Zane's World

Unfriendly, but Hot

I'll bet they're creaming in their brochures down at the Santa Fe Convention and Visitors Bureau.

Santa Fe is once again a prominent player in Travel + Leisure magazine's annual survey of America's favorite cities. For those who don't know, Travel + Leisure pretty much defines modern global culture. At least, that's the magazine's claim, so it must be true.

Out of 30 cities voted on by visitors to Travel + Leisure's website, Santa Fe has captured the kind of rankings that bring joy to the hearts of the interminably boring and glee to the small minds and fat wallets of status quo admirers. Santa Fe is the No. 1 city for peace and quiet, the No. 2 city for relaxing retreats and the No. 3 city for environmental friendliness and cultural getaways. That's the kind of publicity you can use to auction off your overstock of crappy condominiums with, by golly. Or to maintain the kind of tepid business climate and last-century marketing that has cemented Santa Fe's reputation as a place that, while feared by daring entrepreneurs, is great for getting a pedicure, having your picture taken with an actual Native American and still being in bed by 9 pm.

If you are the sort who squanders the workaday by browsing the internet when you ought to be producing value for the lagging economy, you can check out Travel + Leisure's related online features, like "City Face-Off." Pick two cities, line them up like gladiators or American Idol contestants or Facebook friends, and see which one comes out on top.

It's kind of fun to choose a city at random—say, Portland, Ore.—and see how it stacks up against Santa Fe. Apparently, people in Portland are smarter and friendlier than people in Santa Fe, but we're much better looking. They're more athletic, but we are more diverse and stylish. Attempting to empirically verify Santa Fe as a diverse and stylish city full of quiet, cantankerous, hot people, however, offers a clue that Travel + Leisure's methods may not be exactly scientific.

I'm willing to wager most voters in the favorite-cities poll have never been to most of the places they're ranking. In other words, people are voting based on preconceptions formed by, for example, Travel + Leisure magazine.
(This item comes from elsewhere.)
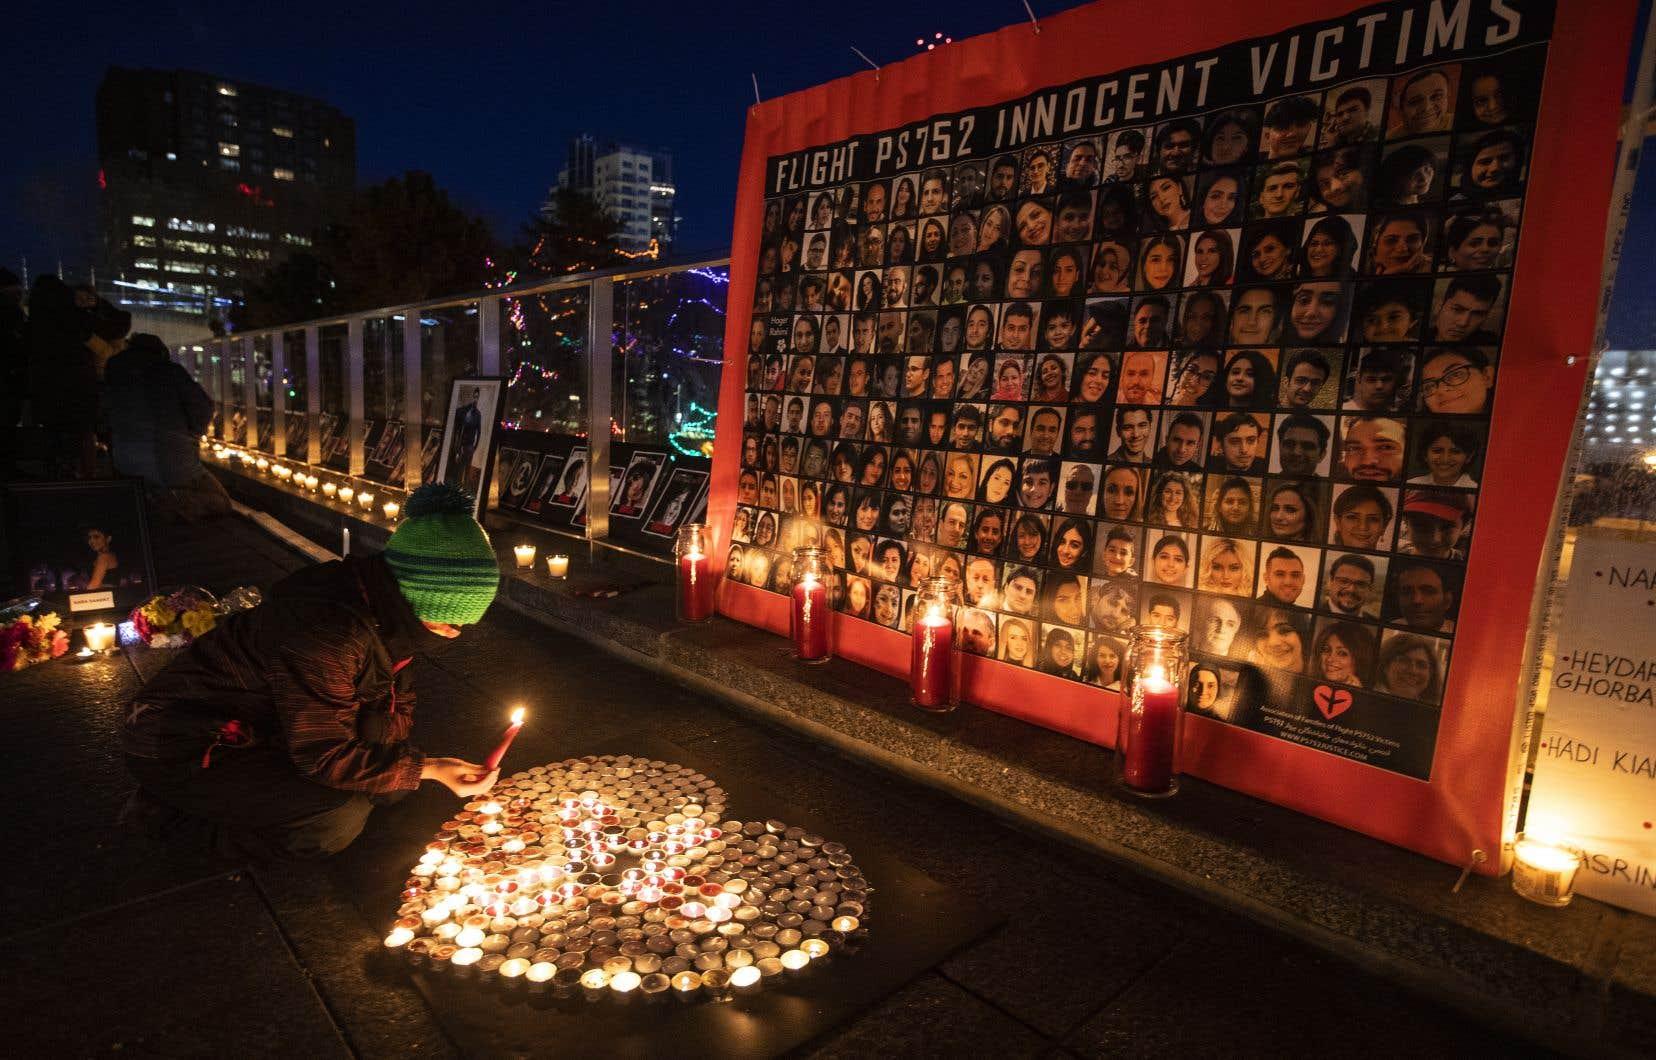 L'équipe d'enquête craint d'ailleurs que la tragédie se reproduise puisque l'Iran n'a toujours pas fourni de réponses «aux nombreuses questions cruciales qui subsistent».

It's no accident Santa Fe is perceived as a quiet city that's good for a relaxing retreat—that's the message our visitors' bureau puts out to the rest of the world using our tax dollars. It came as a surprise to me to learn that, according to Travel + Leisure, "the heady aroma of burning piñon logs permeates the air every night in Santa Fe," but I'm sure it's considered "on message" down at the CVB.
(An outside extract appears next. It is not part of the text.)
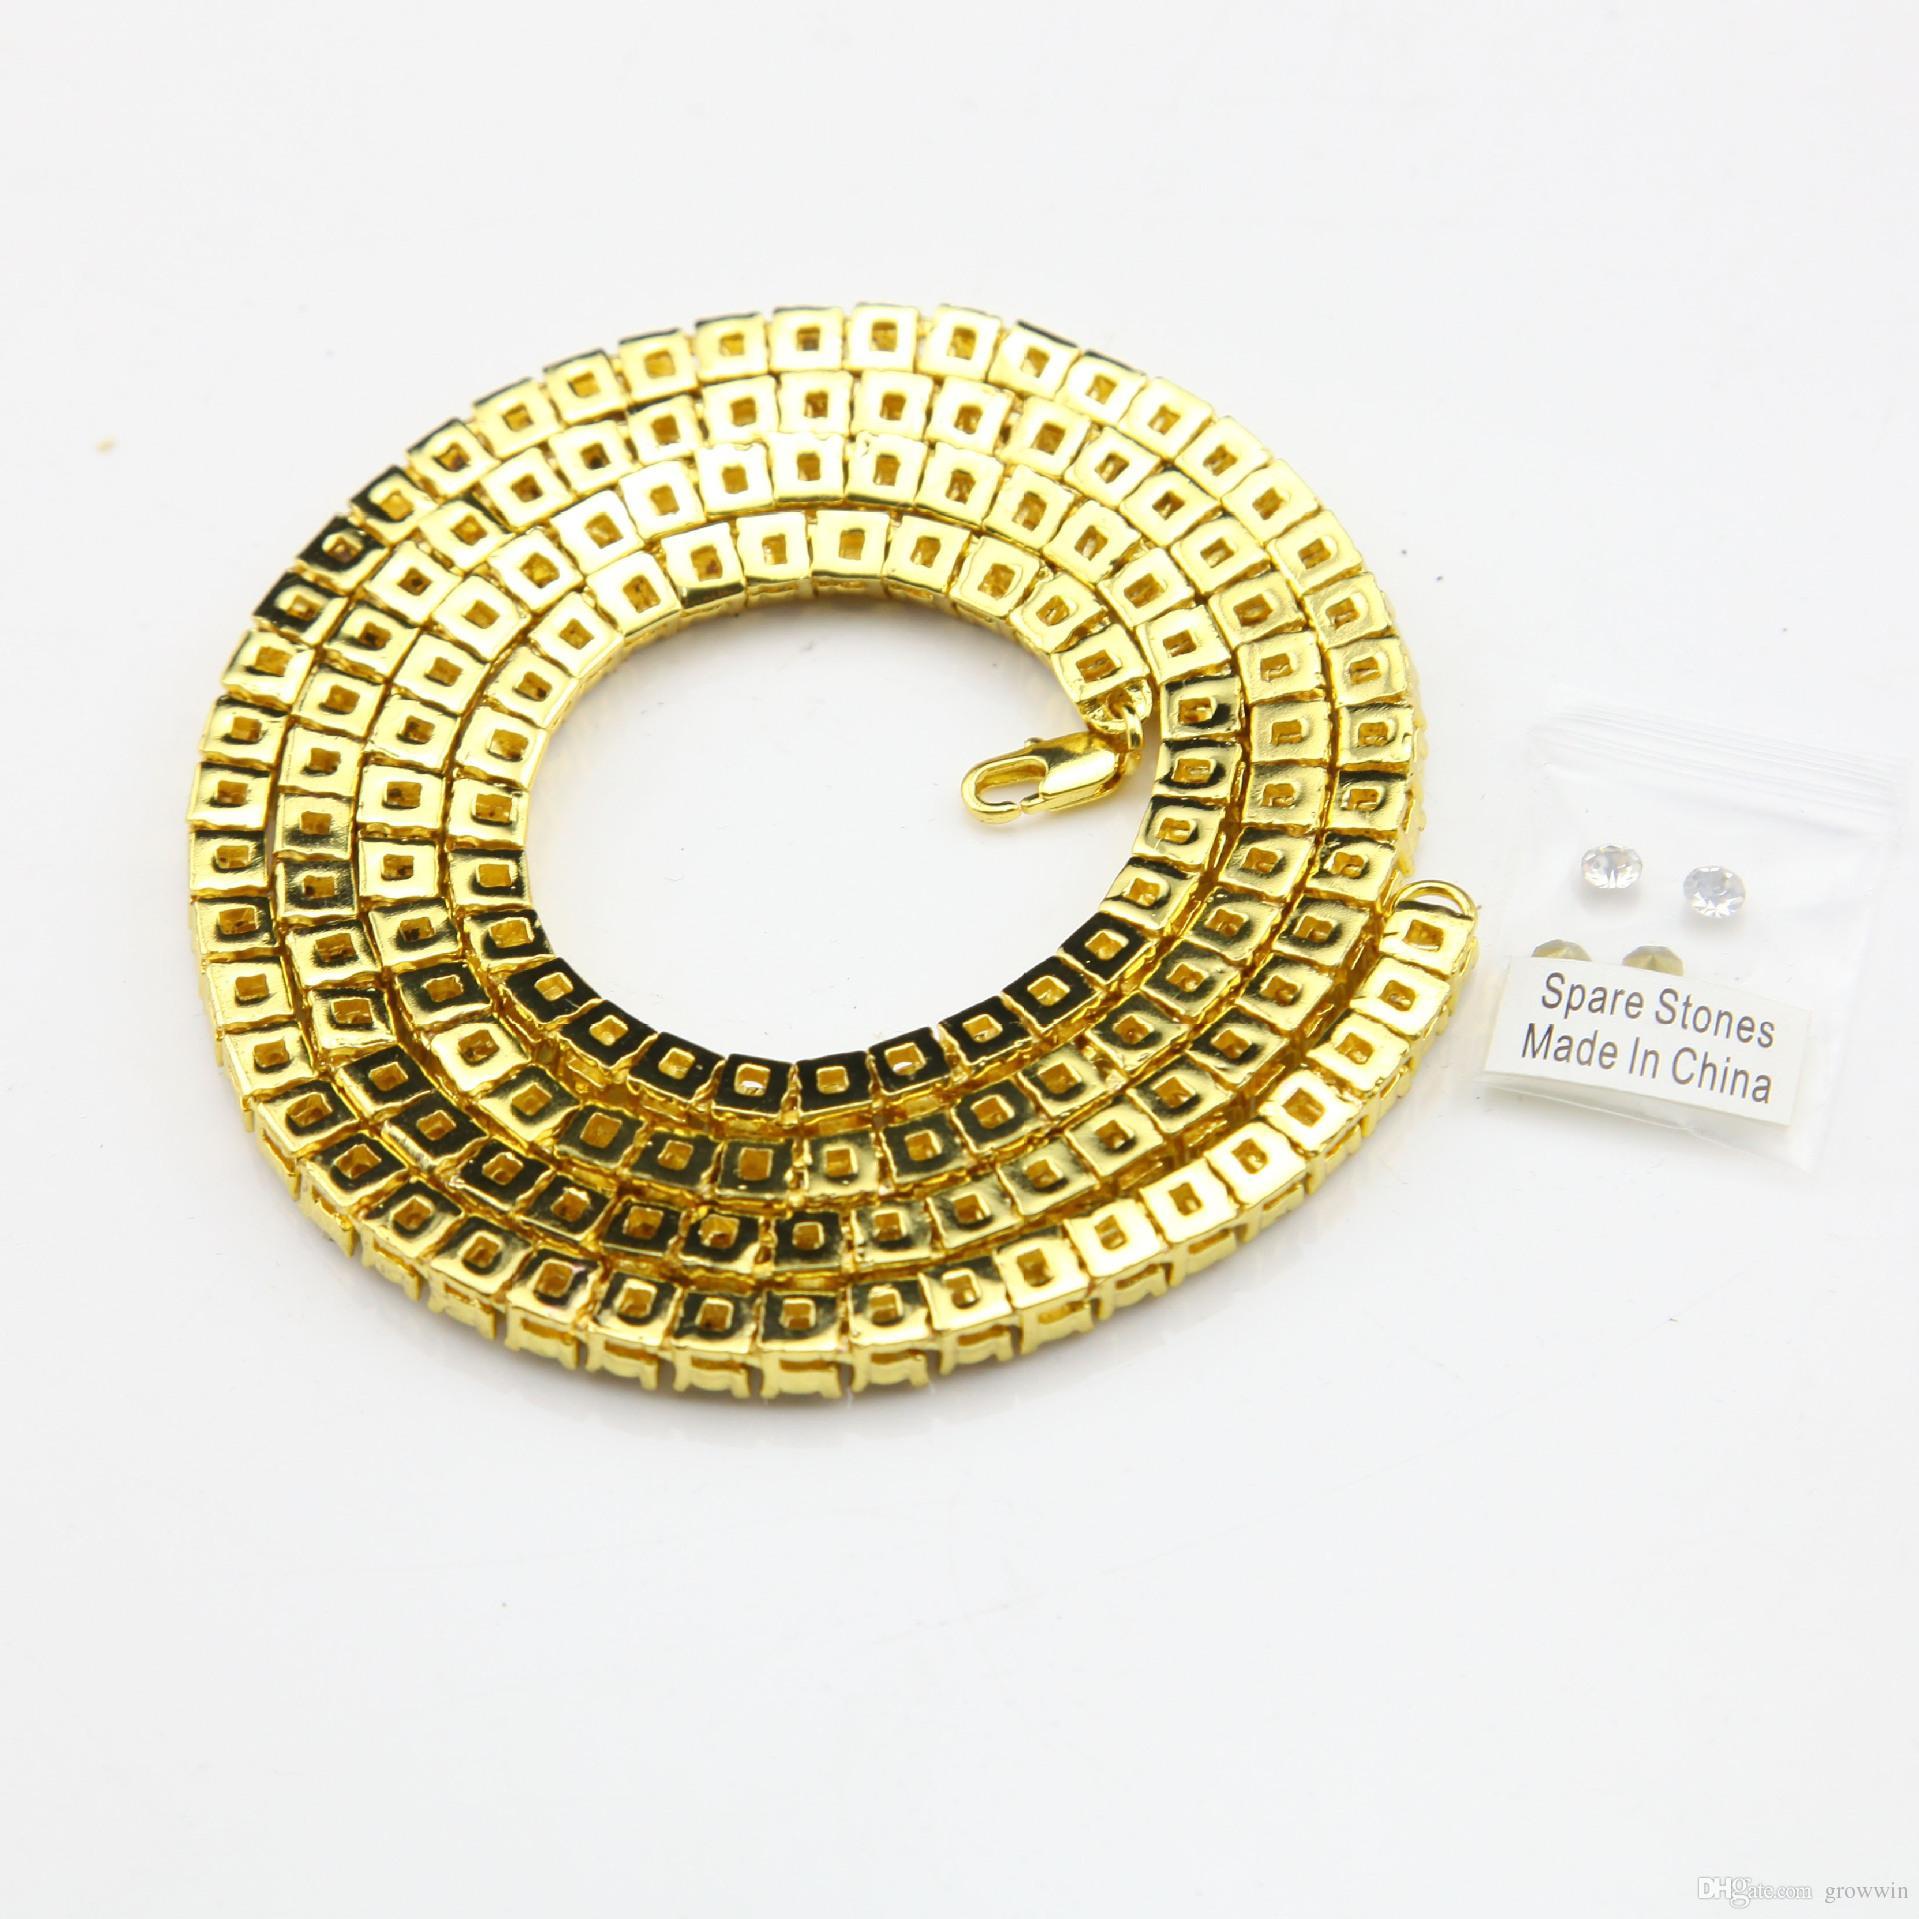 Kristal Elmas Taklidi Kolye Gerdanlık Düğün Çok Sıralı Alaşım Yuvarlak Mücevher Zincir Kolye Rapçi Tıknaz Moda Boys Bling CZ JewelryD0174

Of course, such heady aromas probably do permeate the air of hotel lobbies every night, which is evidence that very few people visit Santa Fe—instead they visit a controlled experience punctuated by prescribed markers. There's evidence that the difference between these two Santa Fes is extreme. According to Travel + Leisure, one of Santa Fe's most tragic negatives is "big name luxury hotels." I was wholly in agreement until I realized that Travel + Leisure's opinion is that we don't have enough of them.

Let's straighten out some of these other inverted allegations about Santa Fe.

No. 1 for "peace and quiet": Not if you're staying at Hotel St. Francis on a night when The Matador, El Paseo, Evangelo's, Milagro 139, Del Charro and Catamount are in full swing. Not if you visit High Mayhem instead of the San Miguel Church. Not if you're here for Zozobra. Not if you live on Agua Fria.

No. 5 for "safety": Not if you ride a bicycle. Not if you're a woman alone at night. Not if you consider drunken drivers a hazard. Not if you think getting punched to death in a median or a park might be unsafe. Not if the primary threat to your safety is domestic violence from a licensed security guard carrying a possibly illegal firearm. Not if you live on Agua Fria.

No. 5 for "cleanliness": Not if you've ever been to an arroyo. Not if you consider the populace habitually hurling half-empty fast-food containers and beer bottles out the windows of moving cars to be messy. Not if you live on Agua Fria.

No. 9 for "ethnic food": Not unless you consider the Navajo taco to be ethnic. Not unless you've never heard of Ethiopia. Not if you live on Agua Fria.

No. 12 for "diverse": Not if you consider 94 percent white and Hispanic to be somewhat limiting. Not if you consider Asian, black and Pacific Islander populations below 2 percent to be small. Not if you know Santa Fe County only has a little more than 3 percent Native American population. Not if you live on Agua Fria.

So, Travel + Leisure readers and editors, thanks for parroting the ad dollars and reducing real, vibrant, textured, complex and problematic communities into banal generalizations and bland categories. Thanks, but no thanks.